Yes, if an attacker obtained the password database, they could use the
password hashes to log in with any particular user's account. They wouldn't
need to know that user's plaintext password.

Like you, I'd also thought about storing a second-level hash (a hash of the
bcrypt hash). However, I didn't mention it because I don't currently
understand the complexity of hash functions well enough. There are at least
two issues that come to mind regarding the complexity of the second-level hash
function:

1) If we used MD5 or SHA-1, would this cause the same problem Coda Hale warned
against? A bcrypt hash would likely be longer and more complex than a typical
user-defined 6 character password. Could a cracker feasibly produce the MD5
hashes for all the strings as long as a bcrypt hash? (I don't know how much
slower MD5 gets with each additional input character, or how much slower it
gets to produce MD5 hashes for all the strings of a given length.)
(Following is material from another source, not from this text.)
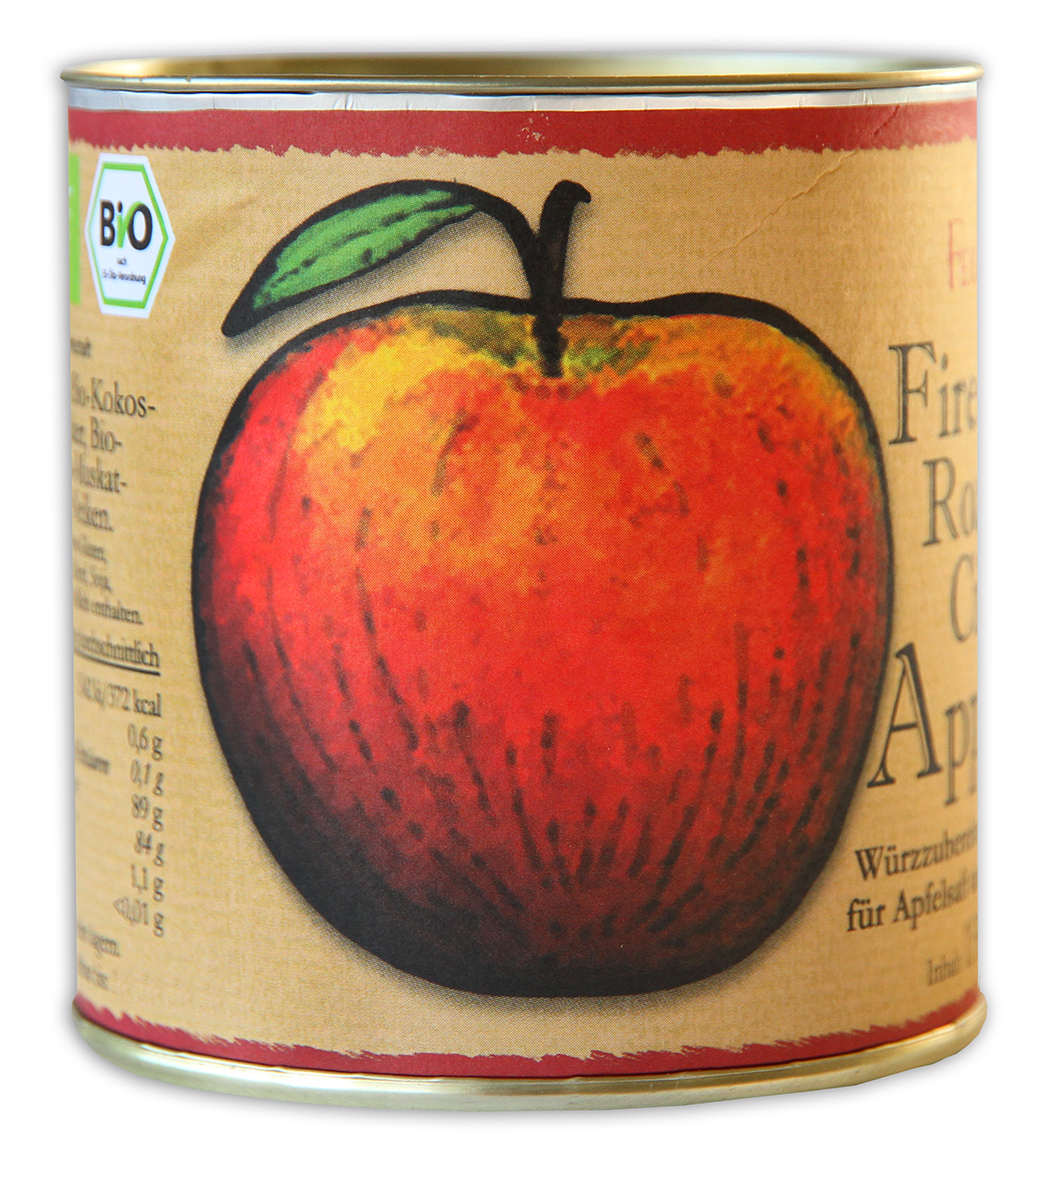 Fire Roasted Cinnamon Apple Spice - Apfelsaftgewürz Bio

2) If we used bcrypt itself as a 2nd-level hash, wouldn't that cause the same
problem I was trying to avoid (running bcrypt at log-in time)? Maybe this 2nd-
level bcrypt hash could be configured to be less computationally expensive
that the 1st-level hash (the one used on a user's plaintext password). Thus
it'd be moderately inexpensive to verify a user's password, but more expensive
to crack it (since the input string the password cracker is trying to find is
a bcrypt hash, not a traditional, weak user-selected password). Like you said,
I need a security expert (or several) to look into this.

Thank you for your feedback.

------
lzm
Not in this way. The bcrypted hash effectively becomes your plain text
password, nulling the purpose of a hash in the first place.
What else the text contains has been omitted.